Top of Stored data

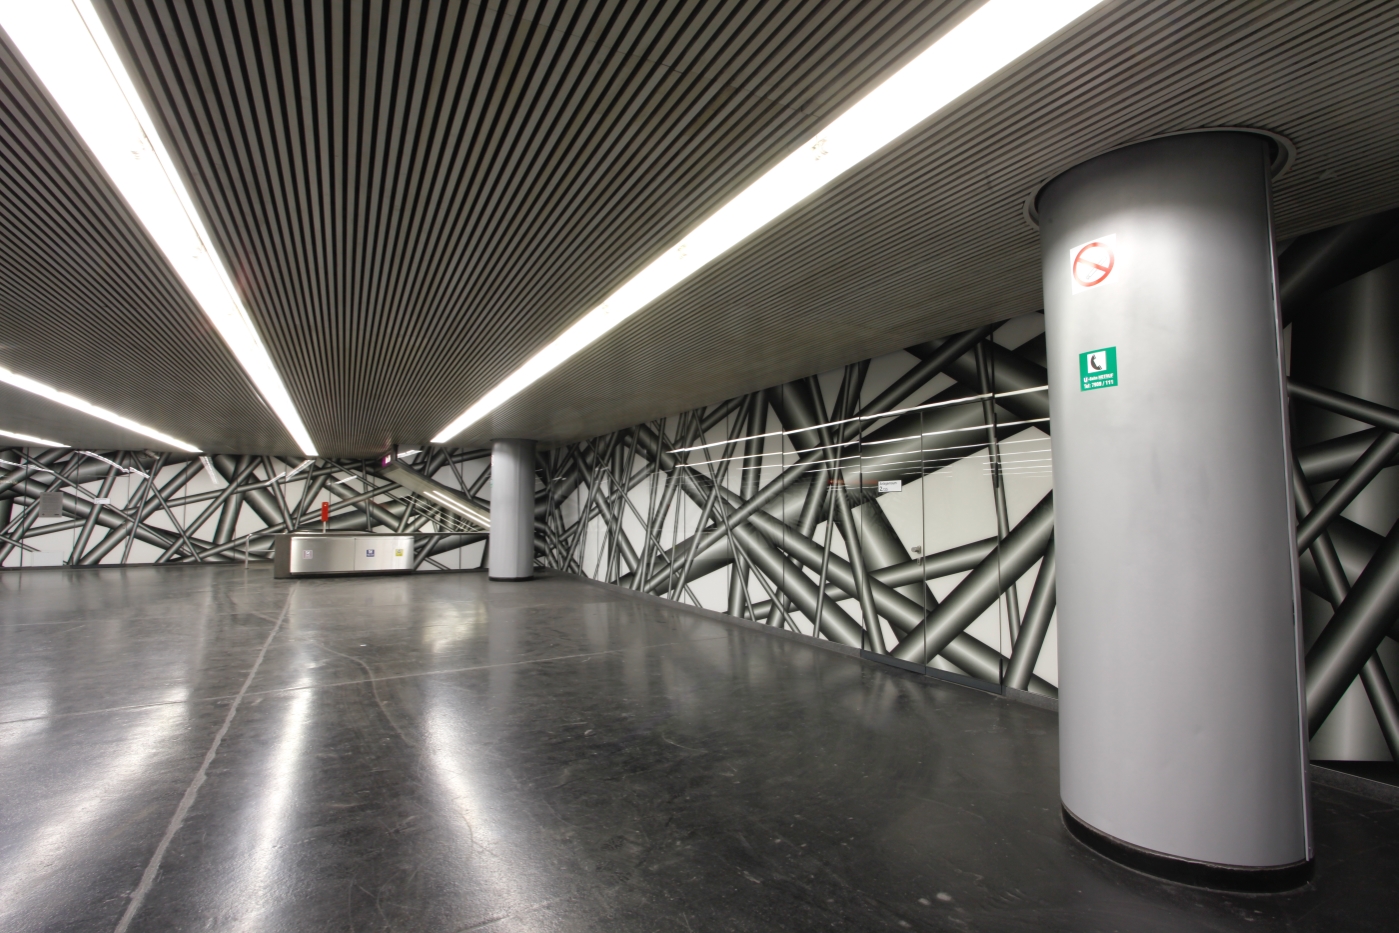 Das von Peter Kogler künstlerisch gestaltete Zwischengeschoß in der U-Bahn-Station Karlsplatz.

Bottom of Stored data
Top of Stored data

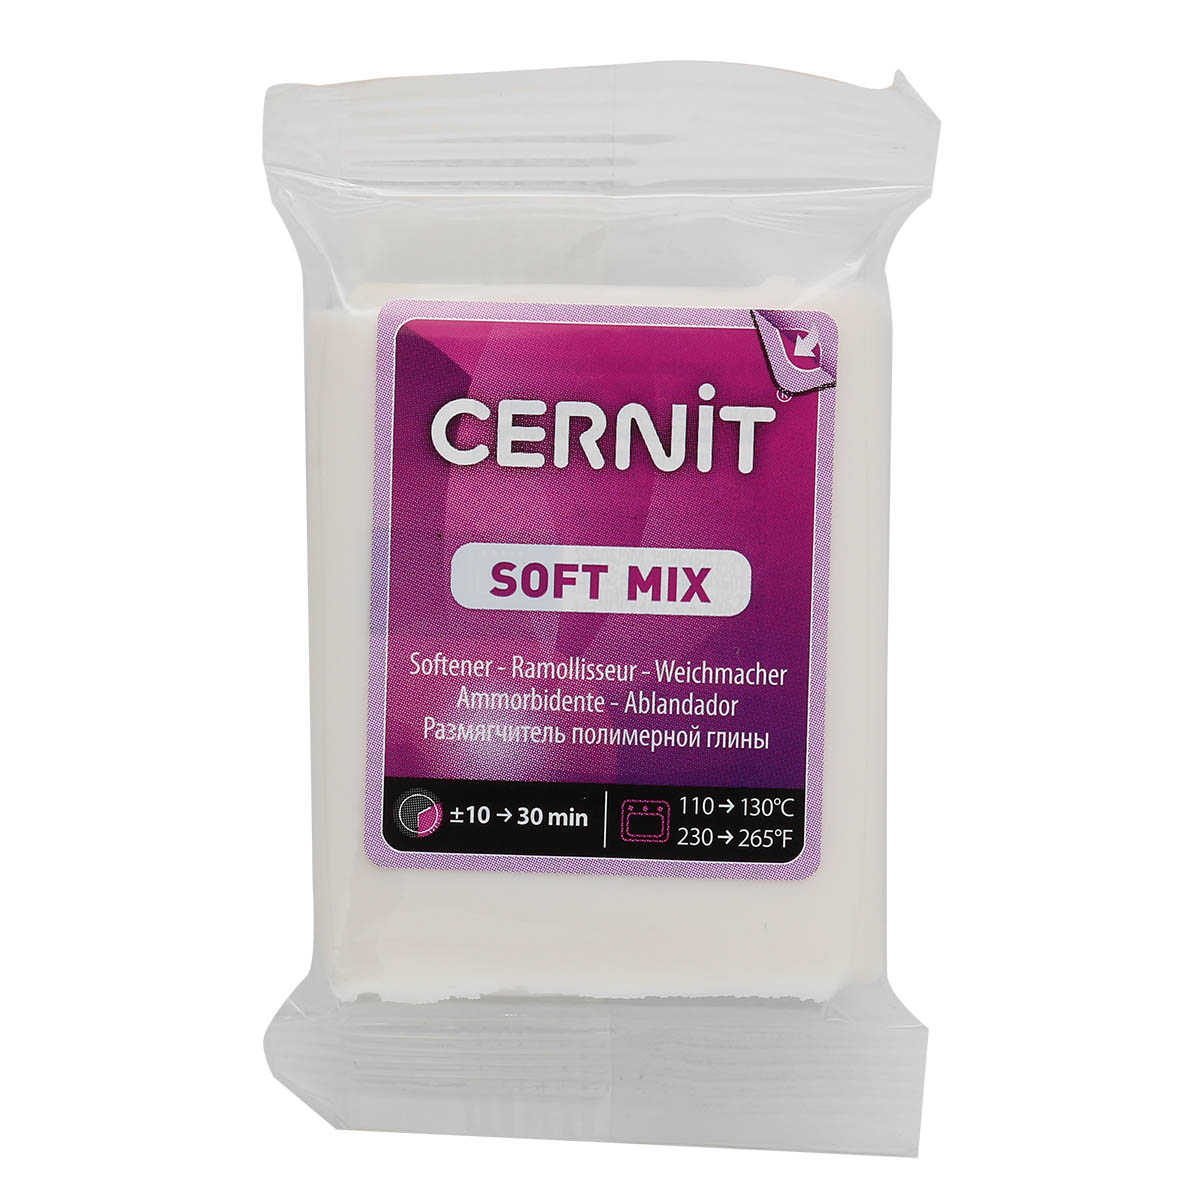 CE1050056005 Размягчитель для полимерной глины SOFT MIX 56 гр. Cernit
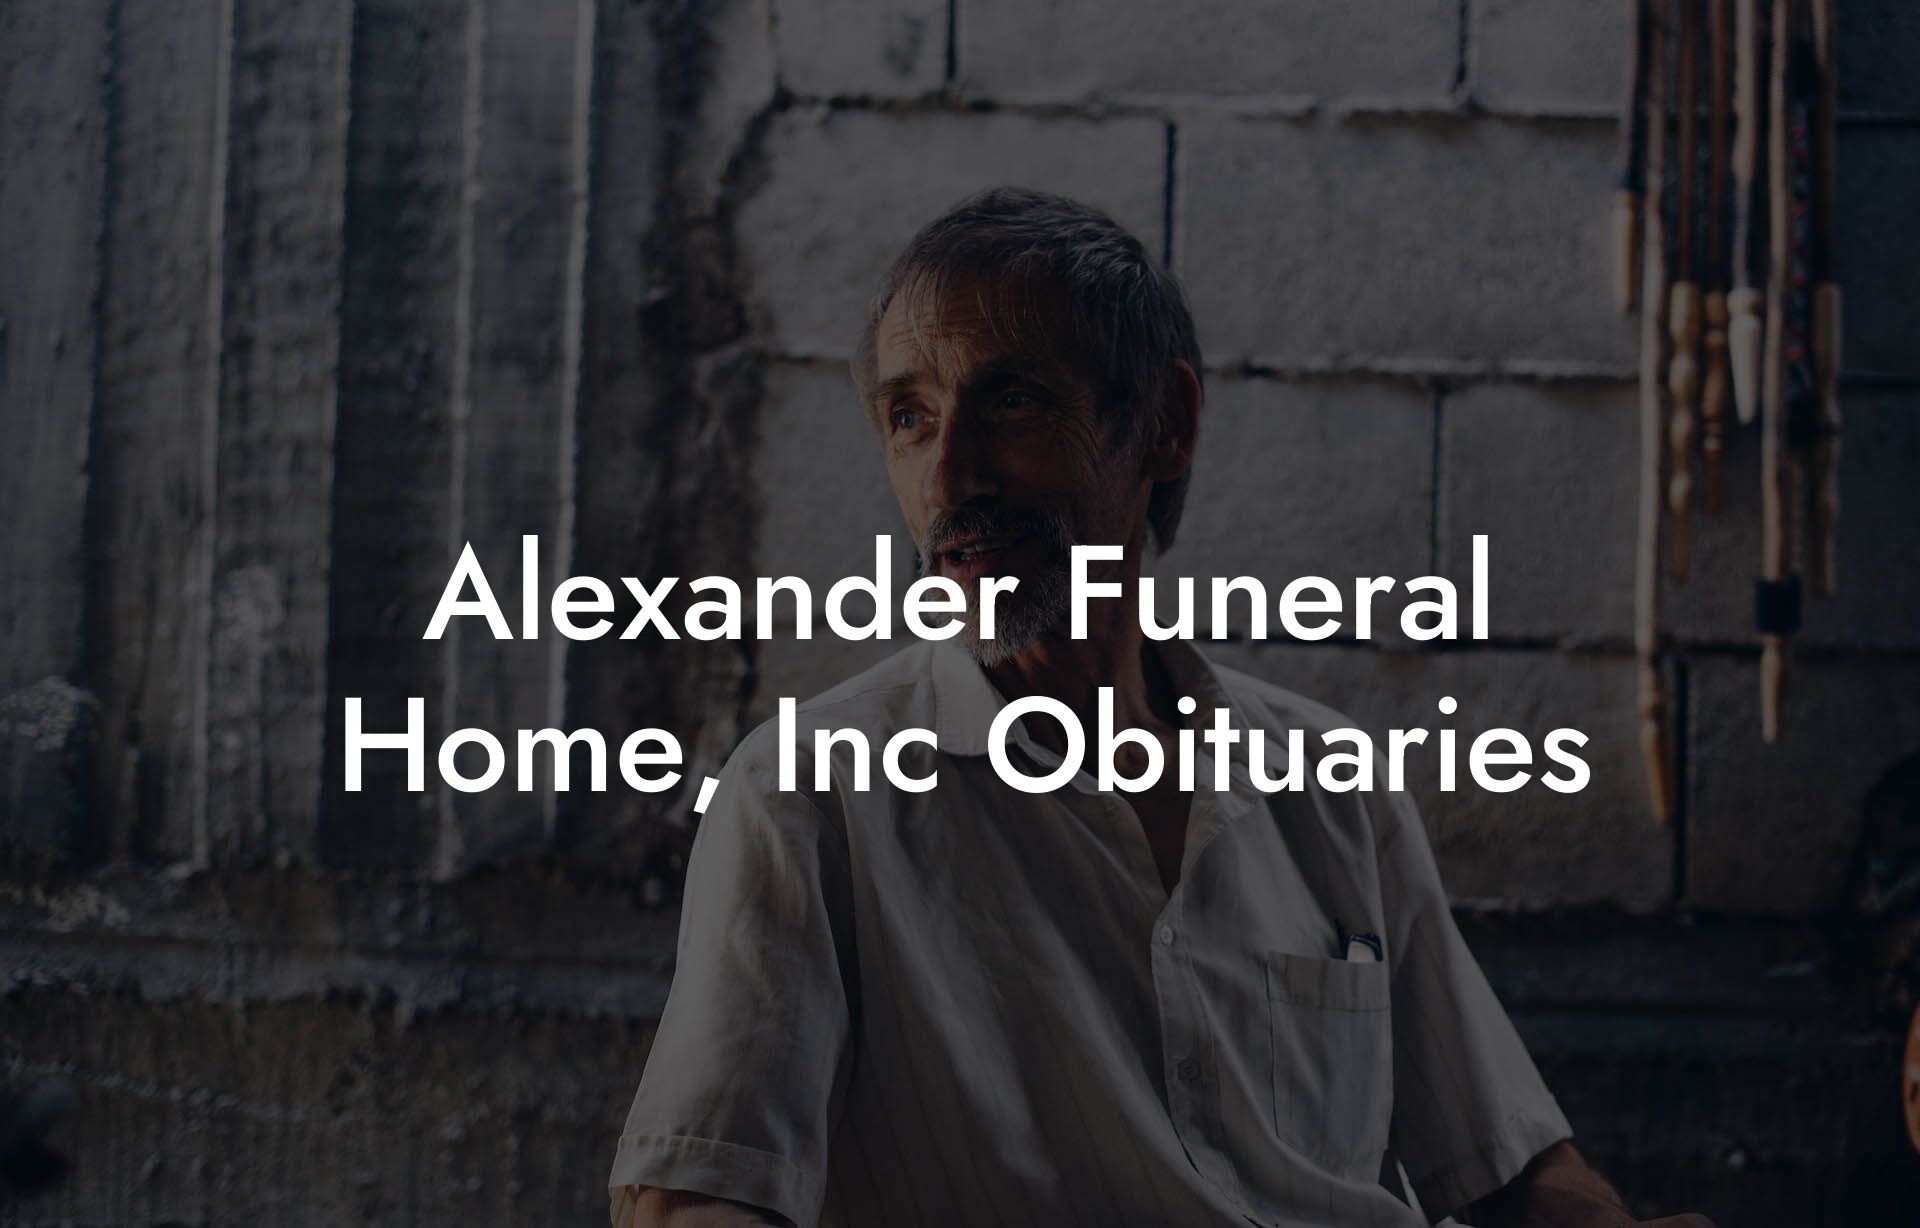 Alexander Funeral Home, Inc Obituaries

Bottom of Stored data

* What is expected:
In the material above, which lines fall between the one holding "CE1050056005 Размягчитель для" and the one holding "Alexander Funeral Home, Inc Obituaries", inclusive? Print exactly those, with the pictures left out.

* Answer section:
 CE1050056005 Размягчитель для полимерной глины SOFT MIX 56 гр. Cernit
 Alexander Funeral Home, Inc Obituaries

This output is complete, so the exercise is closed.